Bedingt durch die Konstruktion der Kurbeleinheit ist der Abzieher inklusive!  Einfach den 8er Innensechskant lösen ...


----------



## MTB-News.de




----------



## cycleman (11. Januar 2008)

mag sein, aber ich habe eine oem-version, ohne integrierten kurbelabzieher.


----------



## bestmove (11. Januar 2008)

Hmm, das sieht nicht so aus ? Gibt es die Deus nicht nur als X-Type?


----------



## cycleman (11. Januar 2008)

das x-type-innenlager hab ich auch, aber keinen integrierten kurbelabzieher in der rechten kurbelseite


----------



## bestmove (11. Januar 2008)

cycleman schrieb:


> das x-type-innenlager hab ich auch ...



Dadurch das du die 10er Innensechskantschraube  nicht löst sondern lediglich die 8er Schraube, zieht sich die Kurbel dabei von selber ab  "Kurbelabzieher" ist in dem Fall nur eine Metapher


----------



## cycleman (11. Januar 2008)

du verstehst nicht! ich habe keine scheibe die im gewinde der kurbel sitzt, sondern nur die kurbelschraube. dadurch kann da nix gegeneinander drücken und die kurbel von der achse lösen. aber trotzdem danke, mit dem foto hast du mir schon geholfen.


----------



## Ride-UnLTD (15. Januar 2008)

Dann solltest Du Dir die Kurbelschraube mit der entsprechenden Abschlusskappe als Ersatzteil beschaffen. Ohne diesen schwarzen Abschlussring auf dem Foto geht die Kurbel wohl nicht ab. Der ist aber immer dabei, glaube ich zumindest... Hab noch nie eine Deus-Kurbel ohne diesen Ring gesehen, auch OE nicht.
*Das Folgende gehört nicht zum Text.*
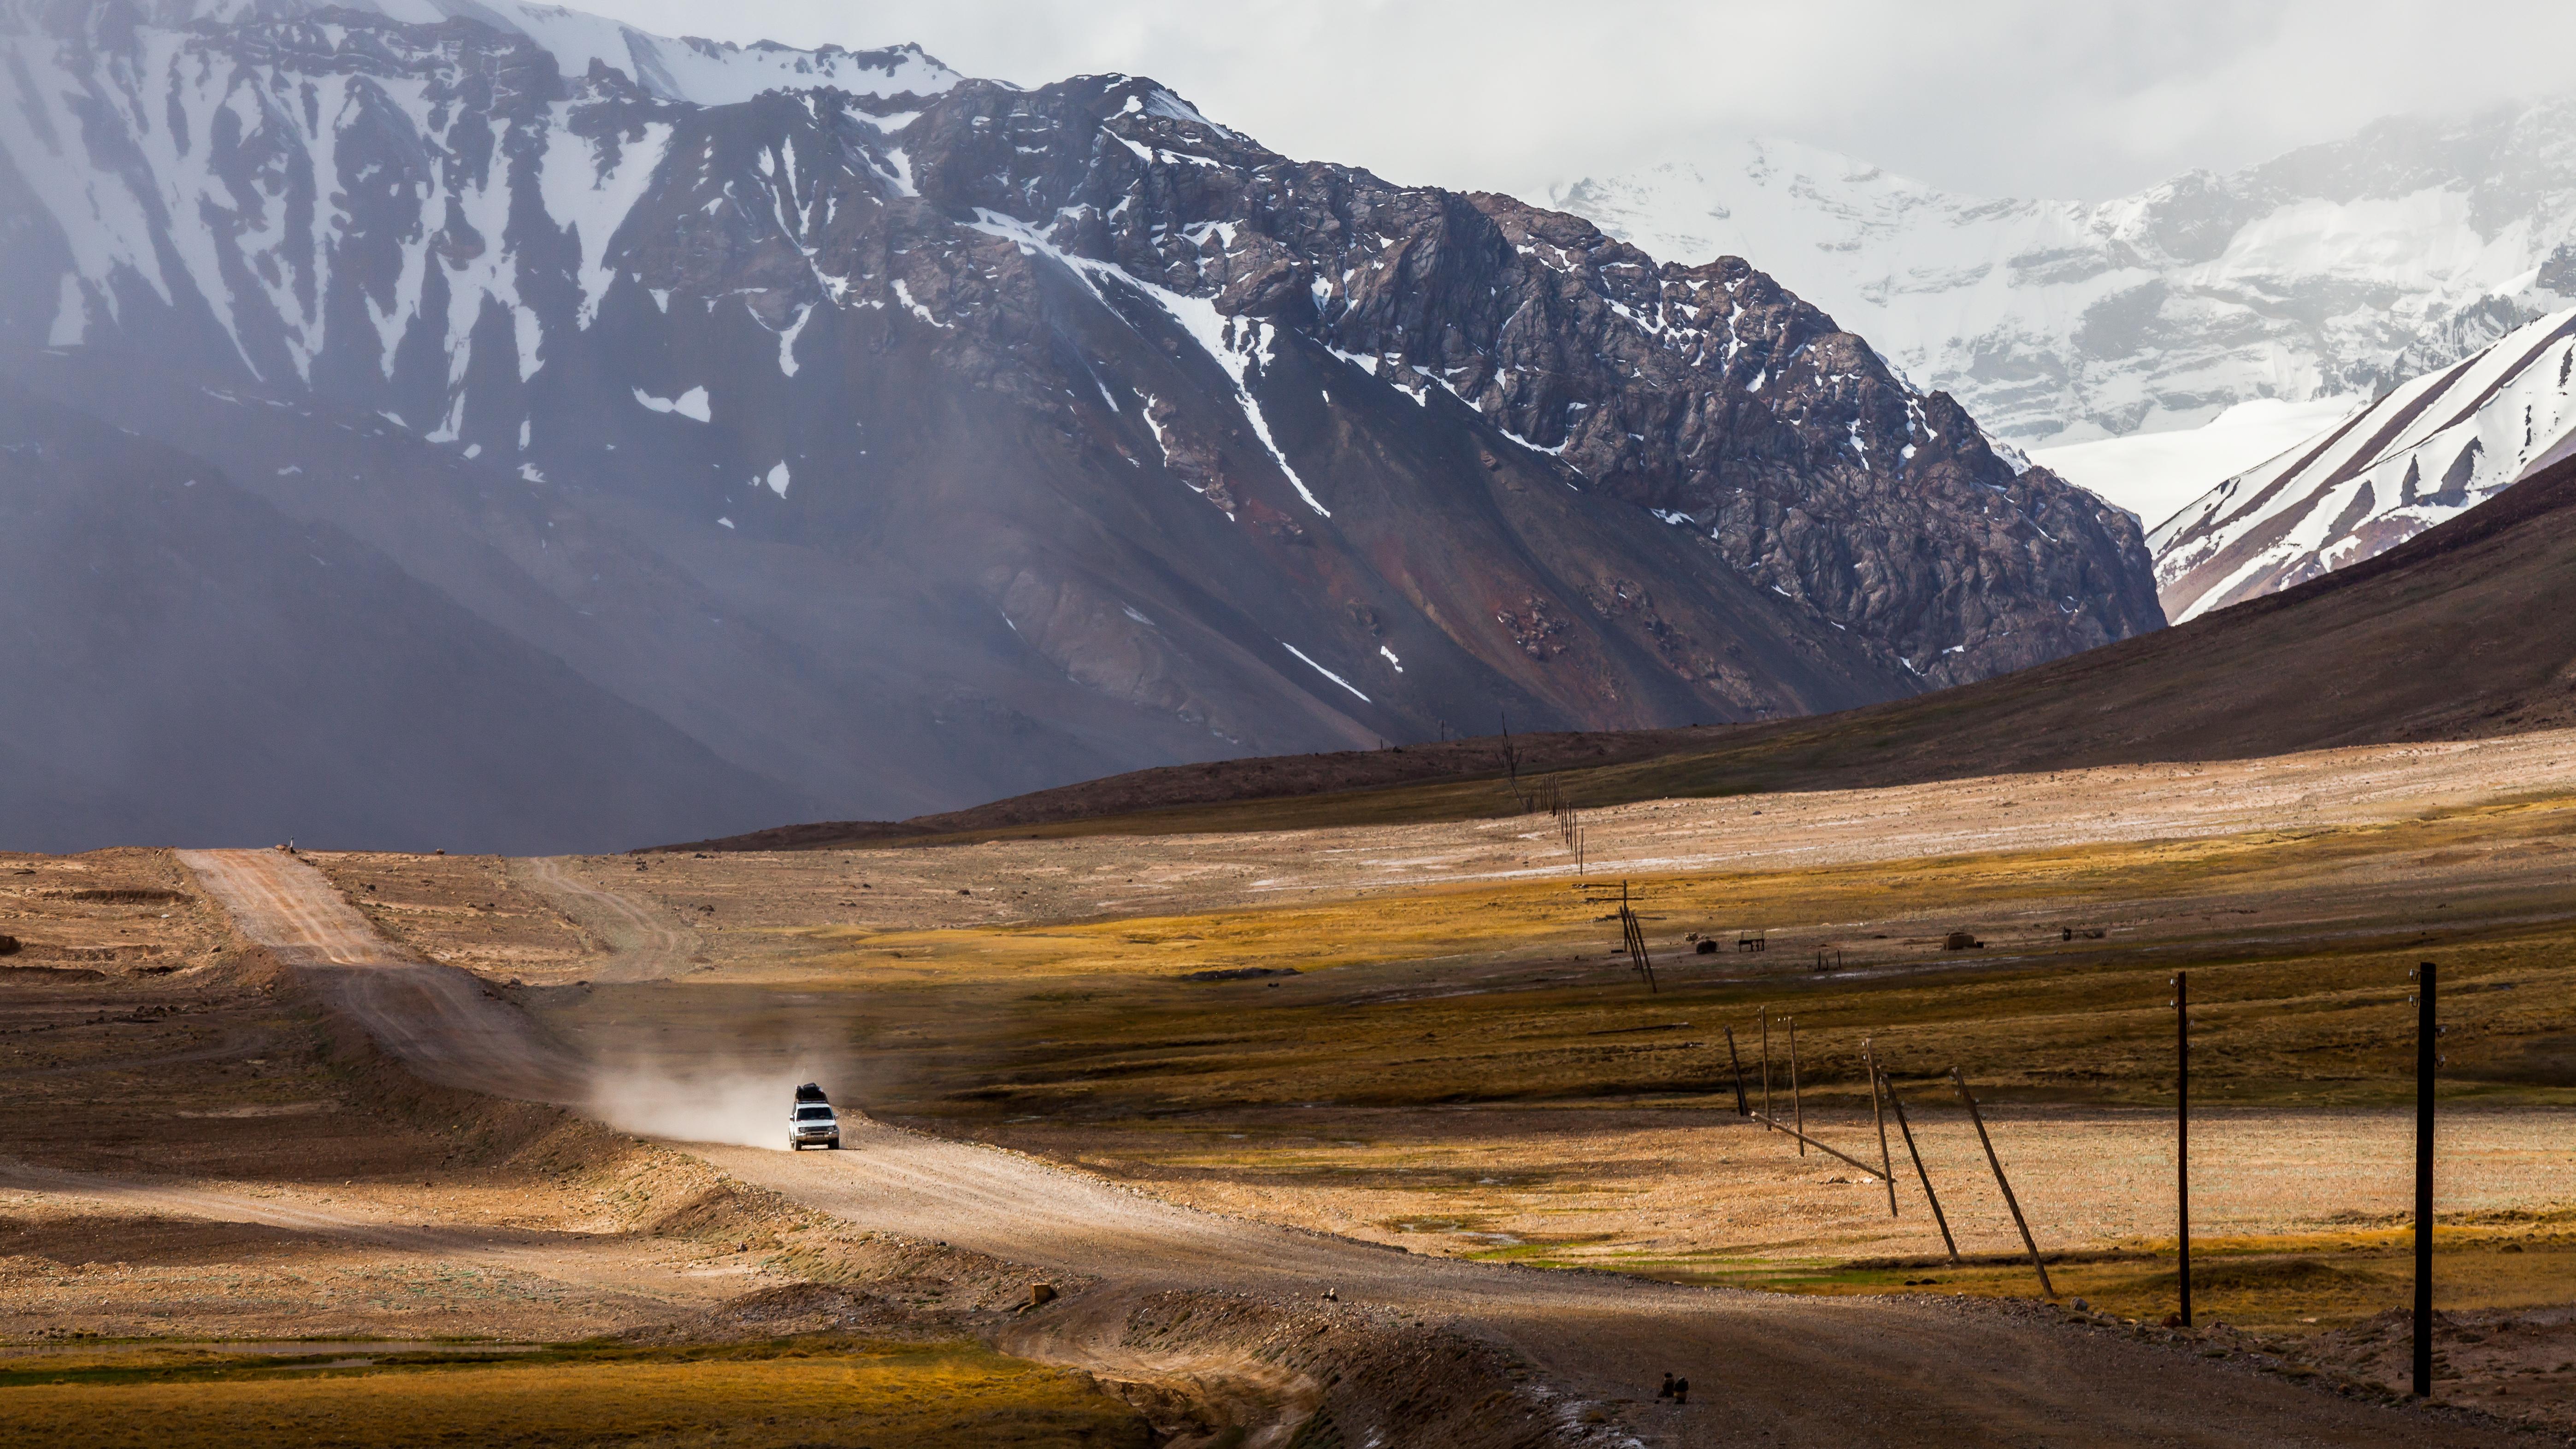 Car crossing the Pamir highway © NOWAK LUKASZ / Shutterstock

Ich tippe mal auf verloren gegangen... ist Kunden von uns auch schon passiert.

Gruss Tom


----------



## Daniel12 (5. Februar 2008)

ist bei mir auch so, oder so...
also OEM Version der Evole DH mit der Abzieh-Kappe, OEM Version der Evolve XC ohne Kappe. machend as wohl so wies grad passt. man kann aber auch einfach die kappe von nem Kumpel leihen, der eine RF Kurbel hat und die dann benutzen.
Gruß, Daniel


----------